Bayes' Theorem melds the prior distribution with the likelihood function encoding the data to give the posterior distribution $Beta(950, 650)$, where multiplying the prior by the likelihood gives the posterior beta parameters $330+620=950$ and $270+380=650.$ The posterior beta distribution has mean about 0.59 and puts about 95% of its probability in the interval $(0.57, 0.62),$ which we take as our posterior probability interval for $\psi$, a somewhat more optimistic outlook for the candidate than given by the prior.
Here again, the information in the prior distribution and the data (as reflected in the likelihood function) have been combined to give a posterior distribution.

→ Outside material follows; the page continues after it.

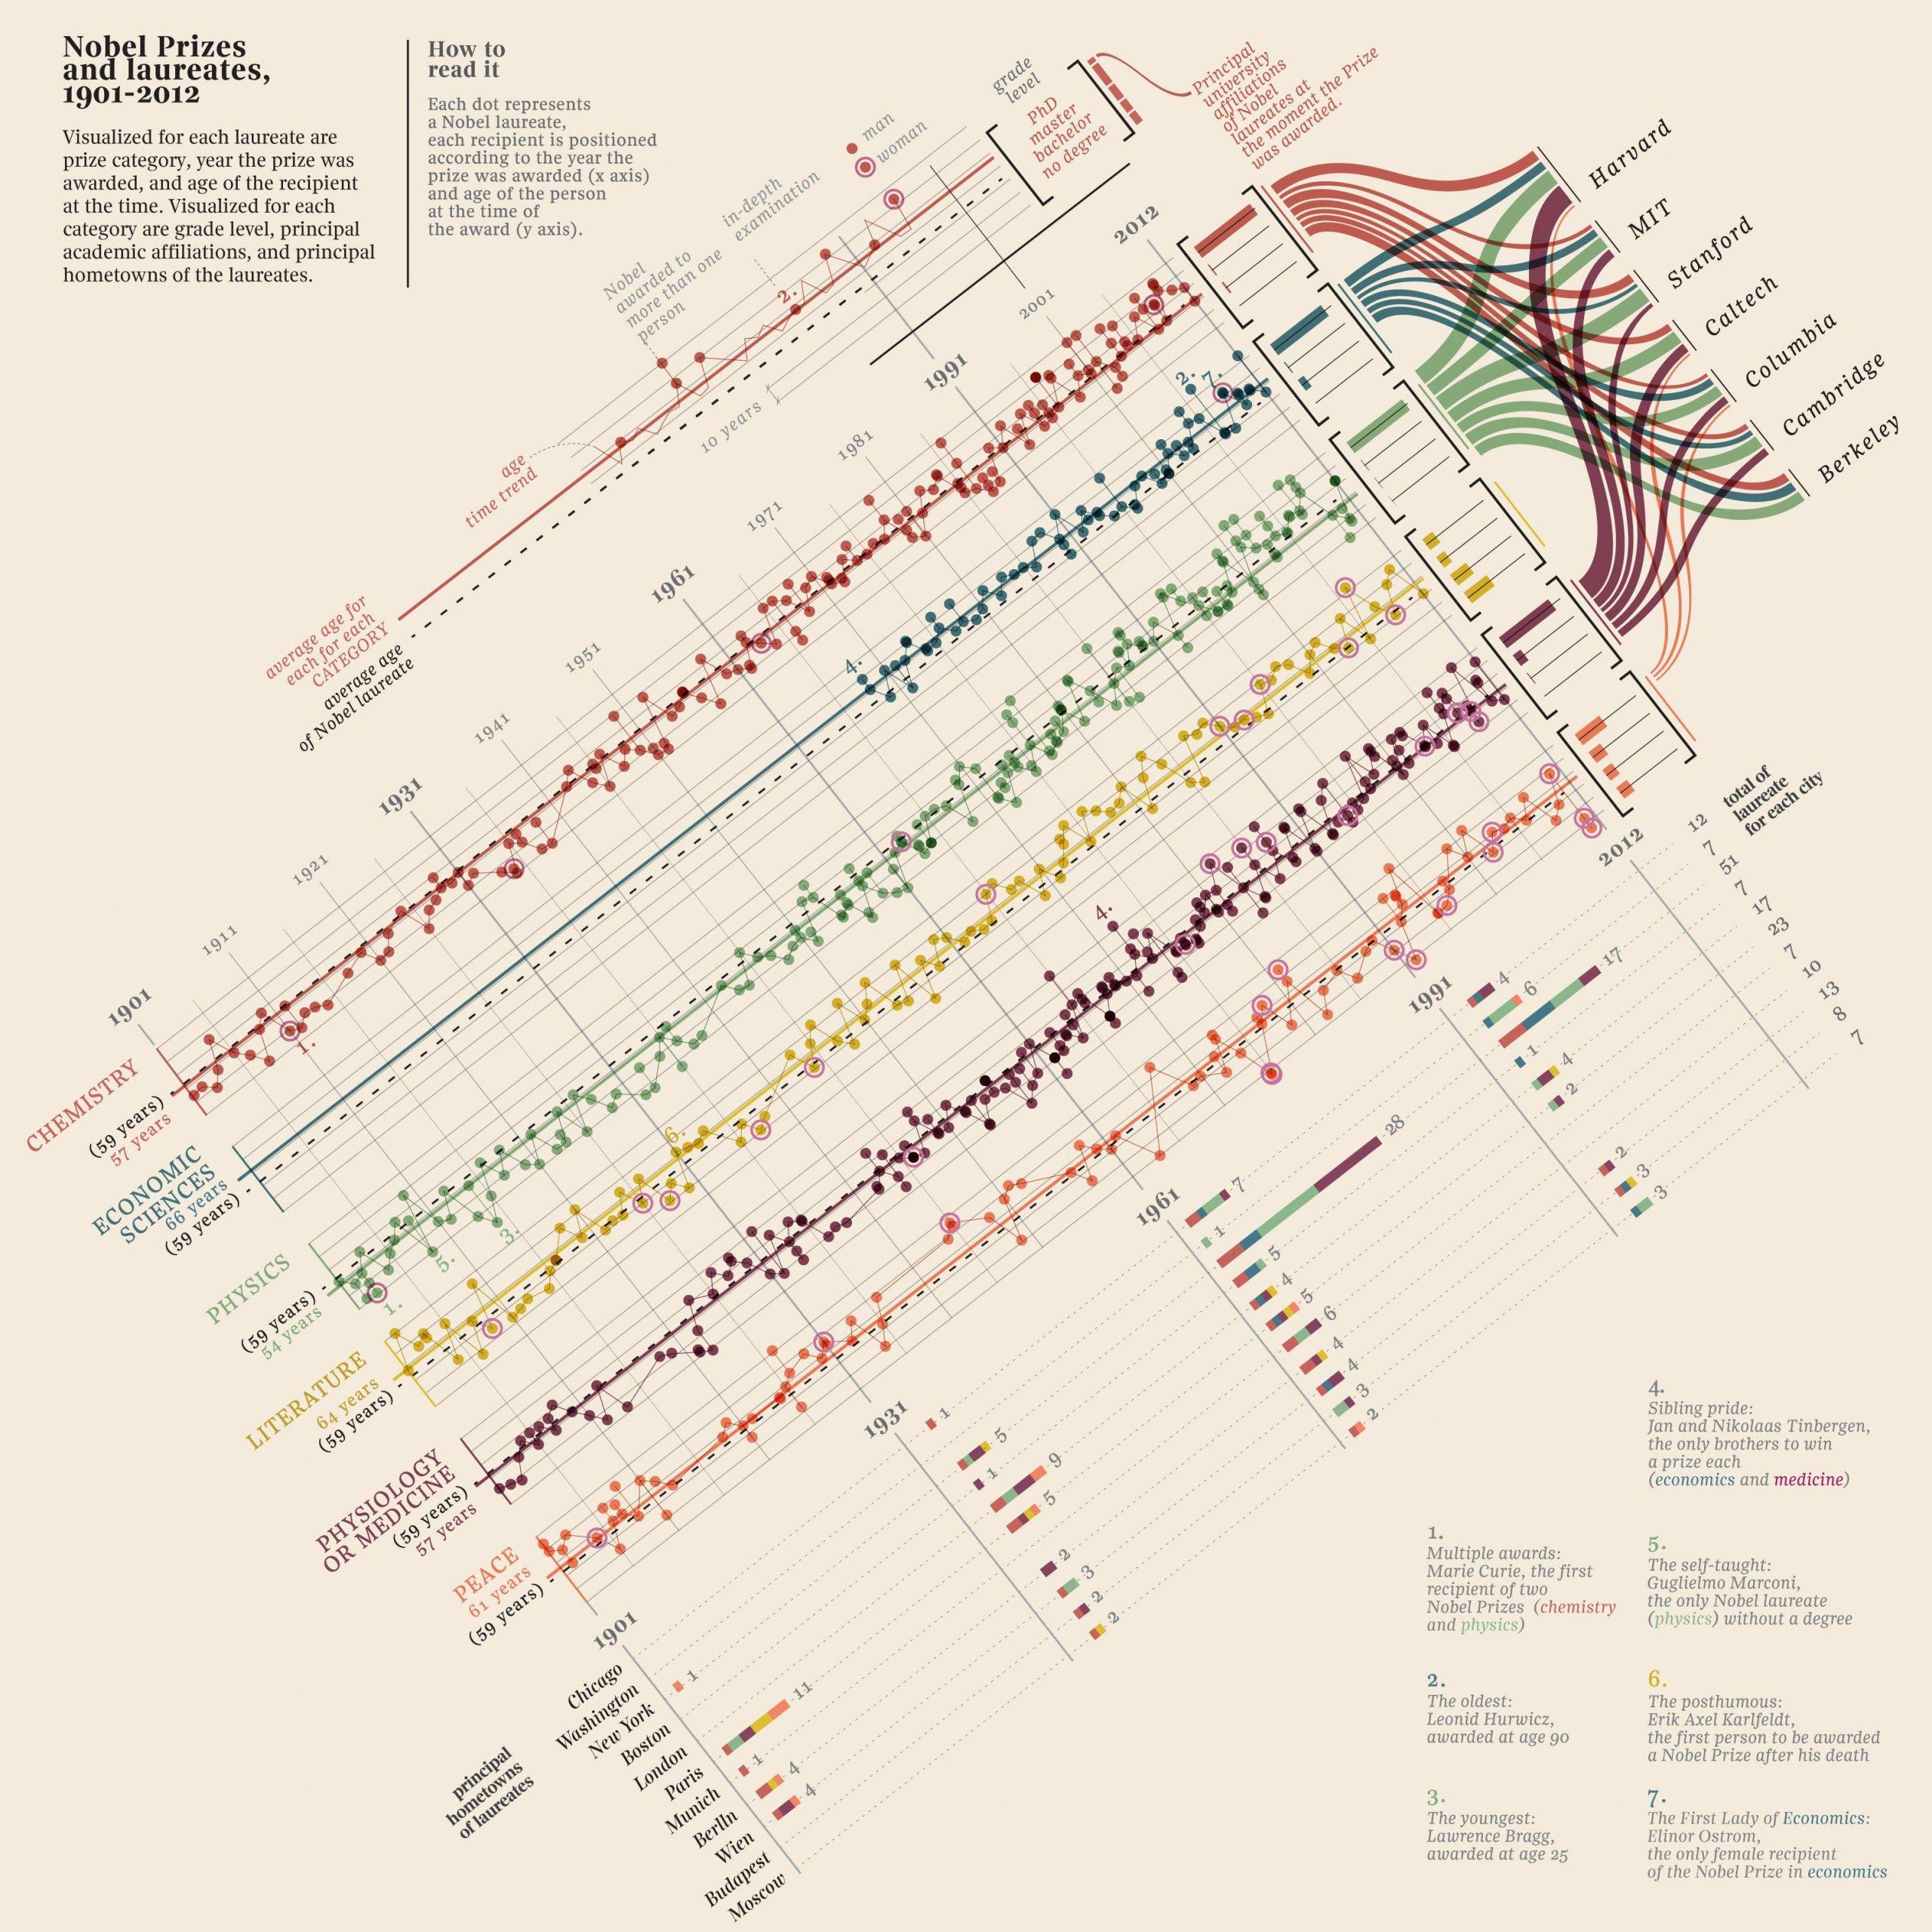 Инфографика: Возраст, образование и происхождение Нобелевских лауреатов
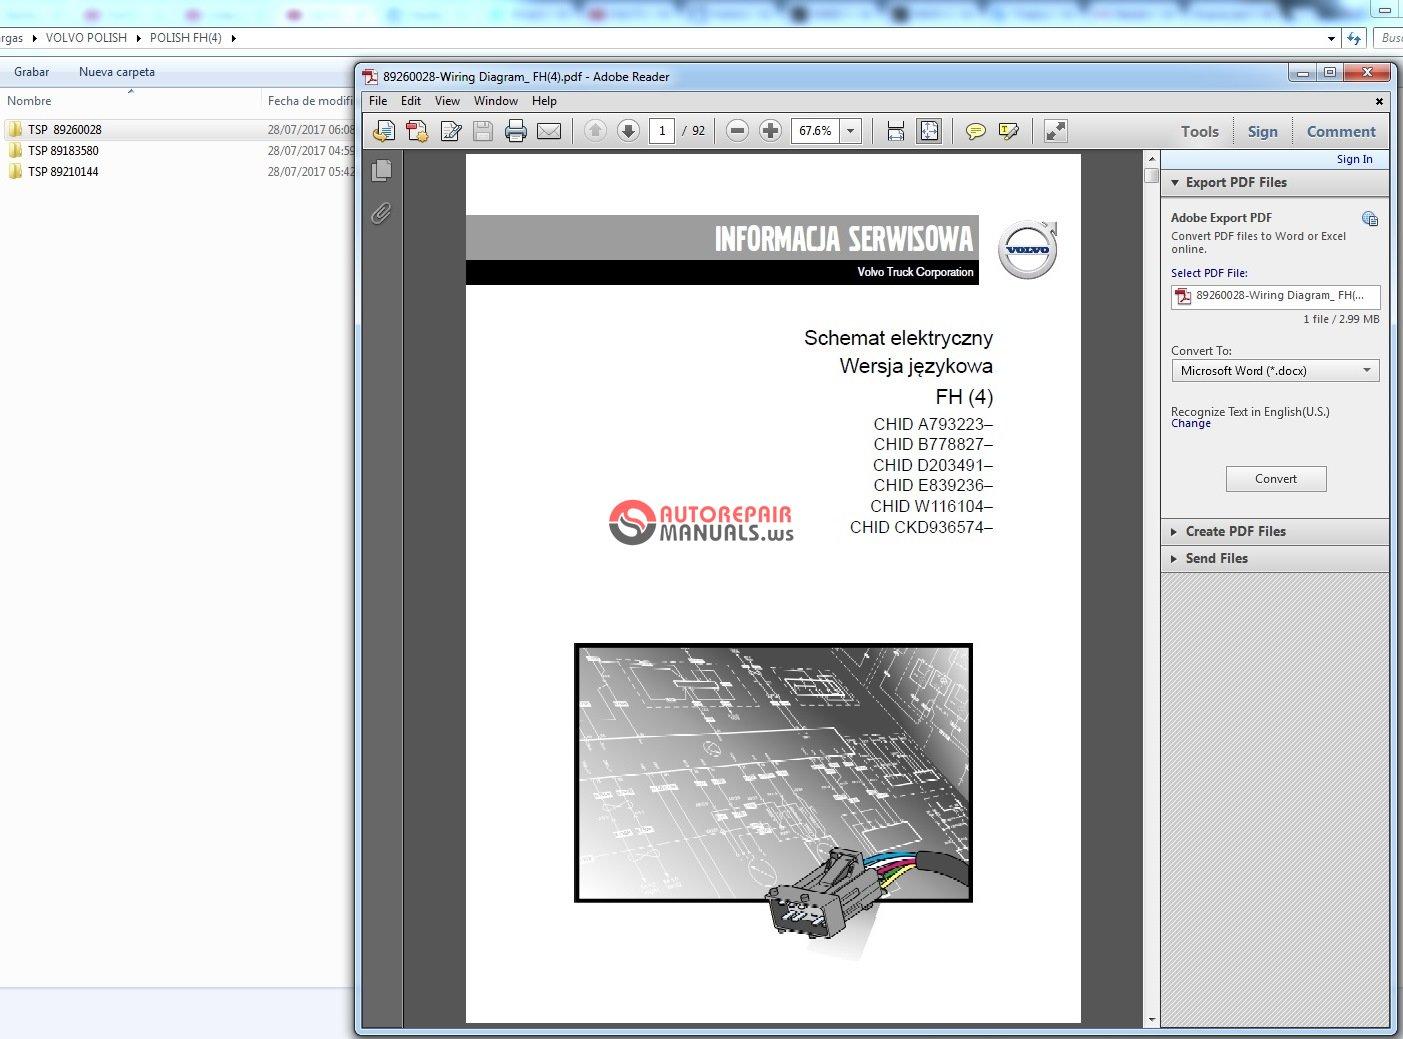 Volvo Wiring Diagram Fh 4  Fm 4  Fe Fe 3  Fl Fl 3  Fl6 Fm Fh Fh12 Language Polish

Very roughly speaking, it is as if the consultant's prior distribution contributed information equivalent to that in a poll of 600 prospective voters of whom 330 favored the candidate.
Note: I have chosen these two examples, so that the math (if you care to carry it through) is quite simple. In some cases, much more computational effort is required to find and use the posterior distribution. But the computation needs to be viewed as a means to an end: to combine the information in the prior with the information in the data in order to make inferences based on both.
Acknowledgment: Numbers and distributions in these examples are the same as for ones in Ch 5 & 8, respectively, of Suess and Trumbo (2010), Springer.